* **Aim of the task**
Copy word for word the lines in the records below, starting at the line with "Ryderwear - Women's Fitness Leggings" and ending at the line with "Blick auf die". Skip the pictures.

* **Source material**

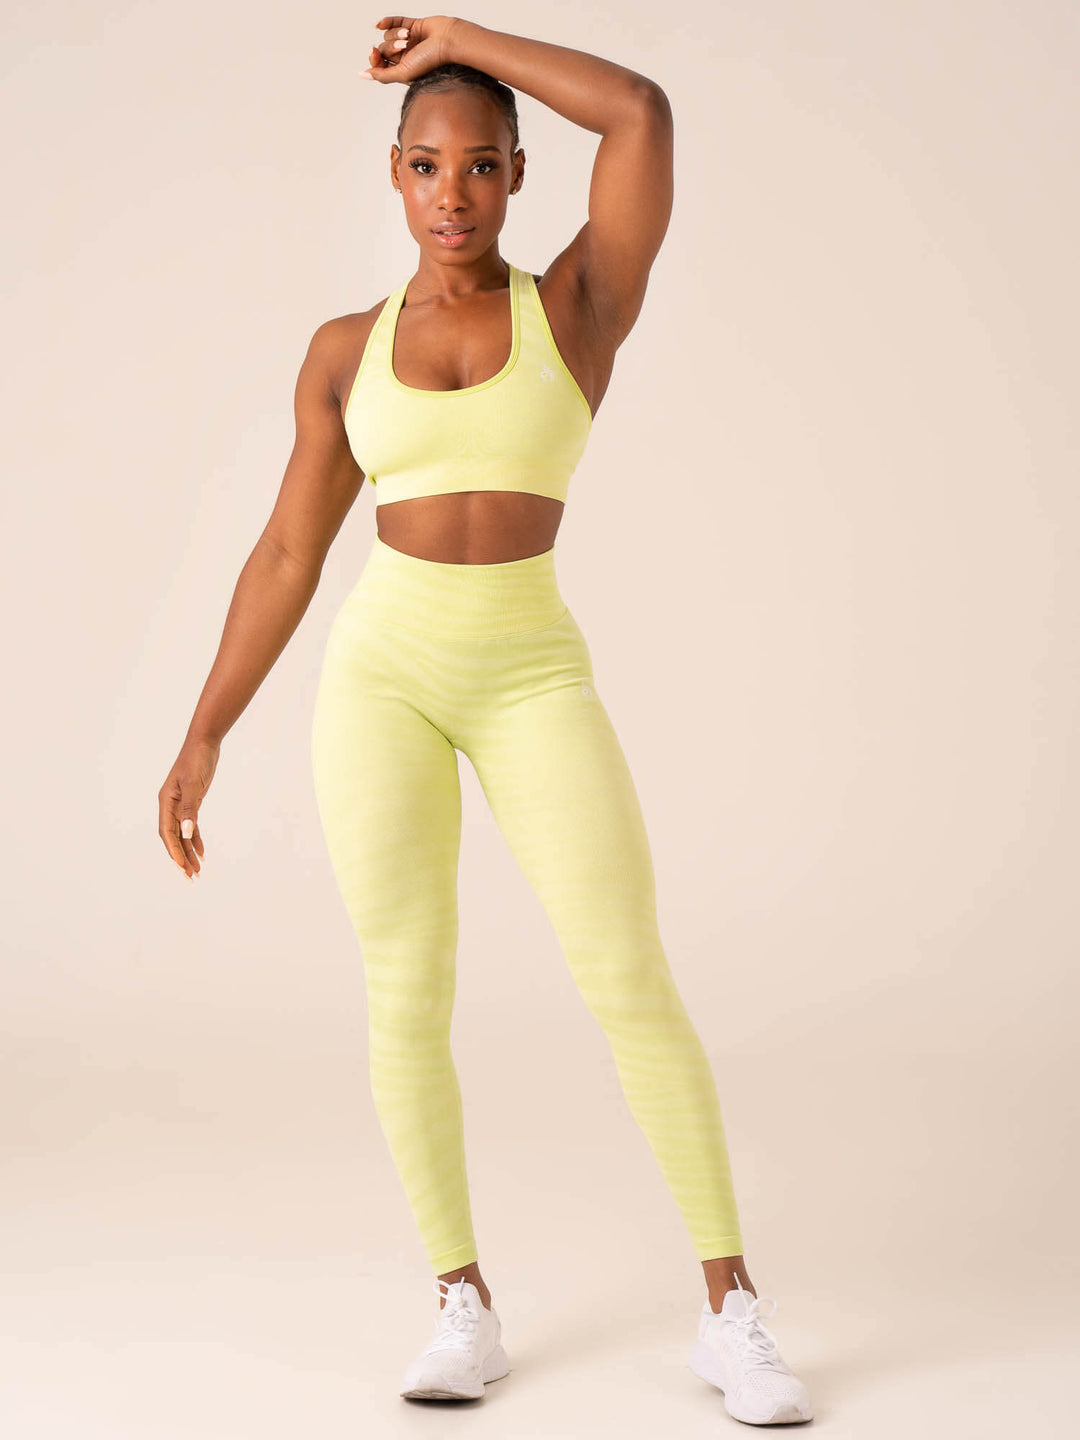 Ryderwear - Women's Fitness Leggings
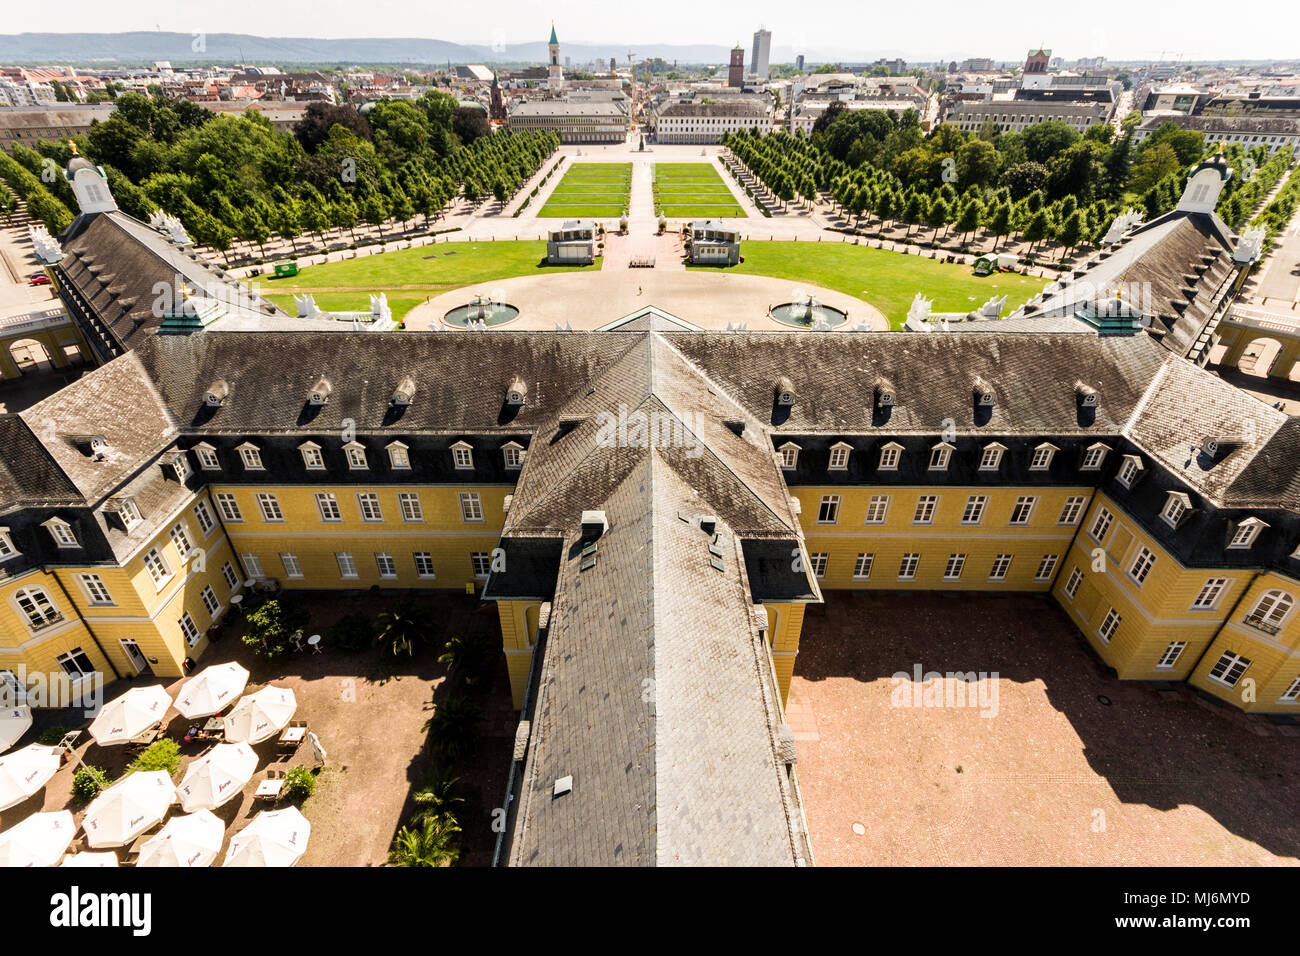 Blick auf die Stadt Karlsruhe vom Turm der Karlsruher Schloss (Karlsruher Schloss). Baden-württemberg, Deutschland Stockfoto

--

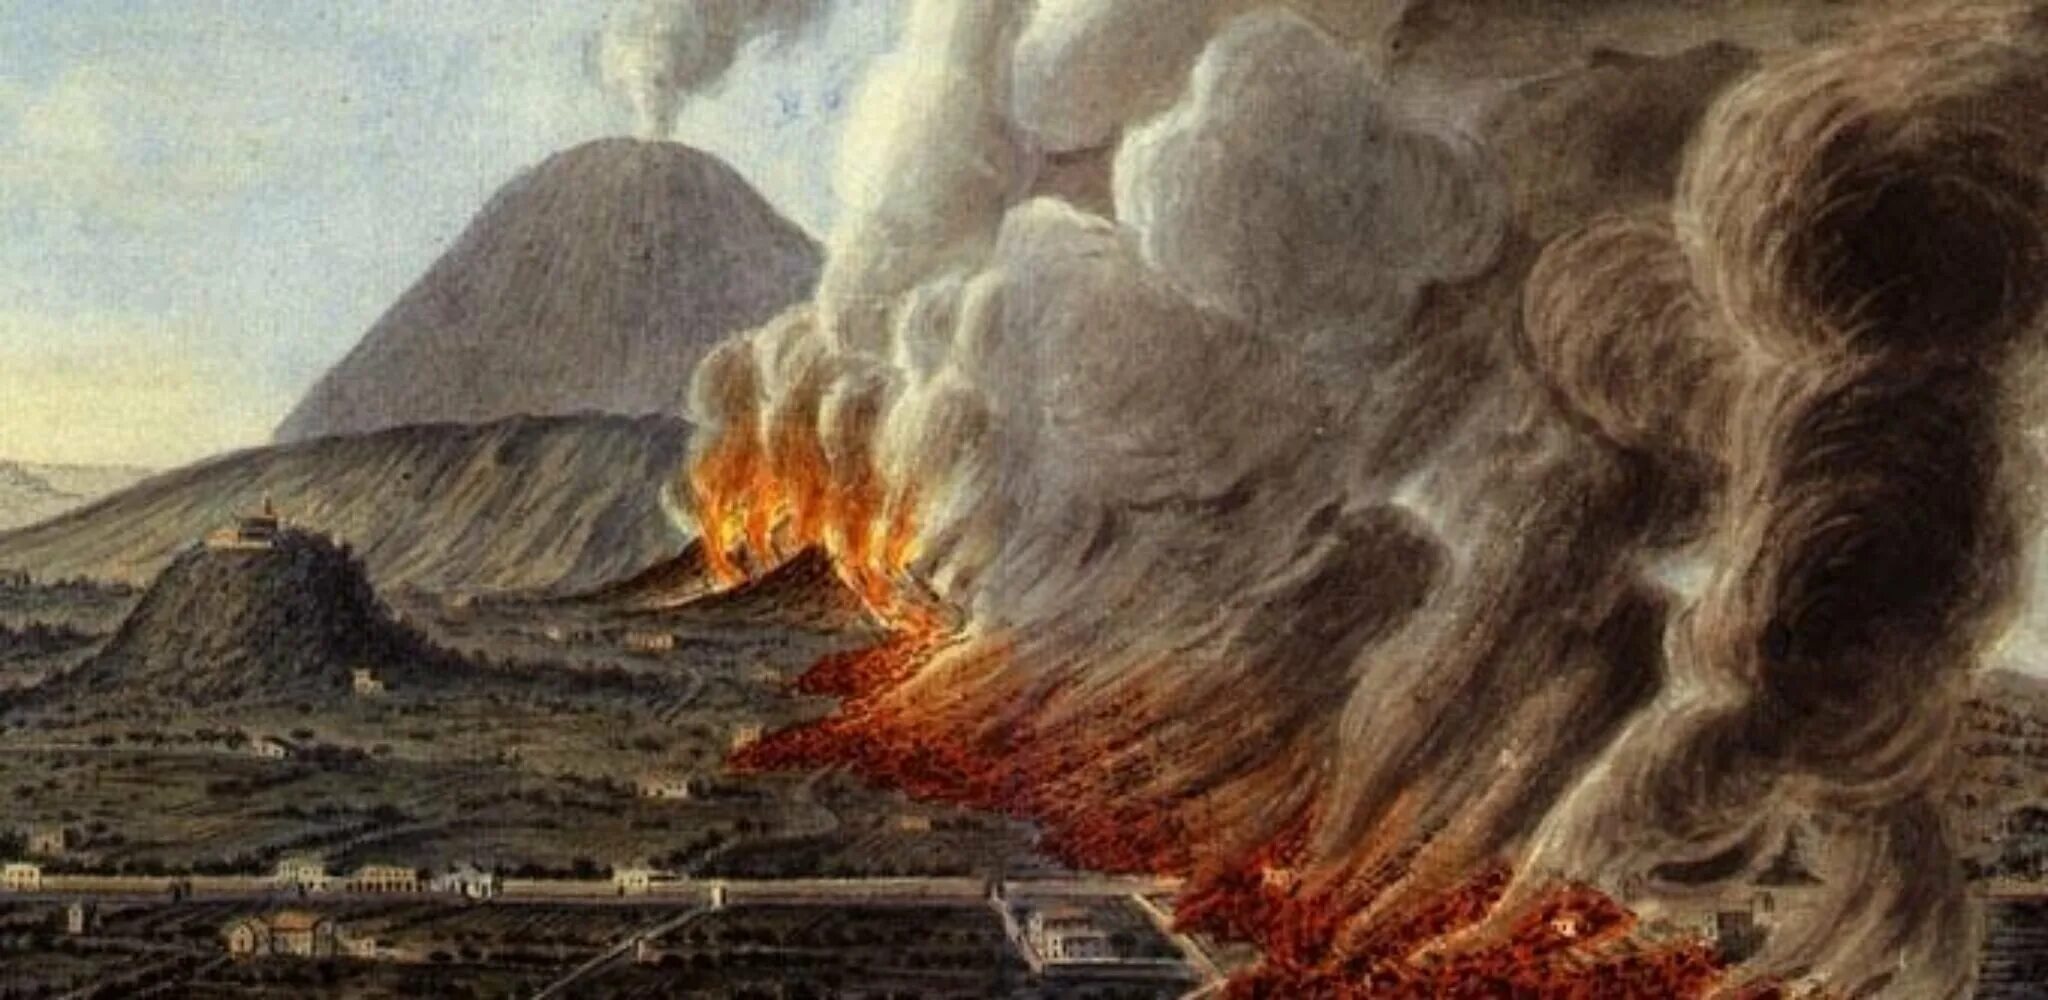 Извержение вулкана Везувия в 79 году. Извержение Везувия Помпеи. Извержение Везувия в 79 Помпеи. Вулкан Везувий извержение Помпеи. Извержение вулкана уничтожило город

* **Problem solution**
 Ryderwear - Women's Fitness Leggings
 Blick auf die Stadt Karlsruhe vom Turm der Karlsruher Schloss (Karlsruher Schloss). Baden-württemberg, Deutschland Stockfoto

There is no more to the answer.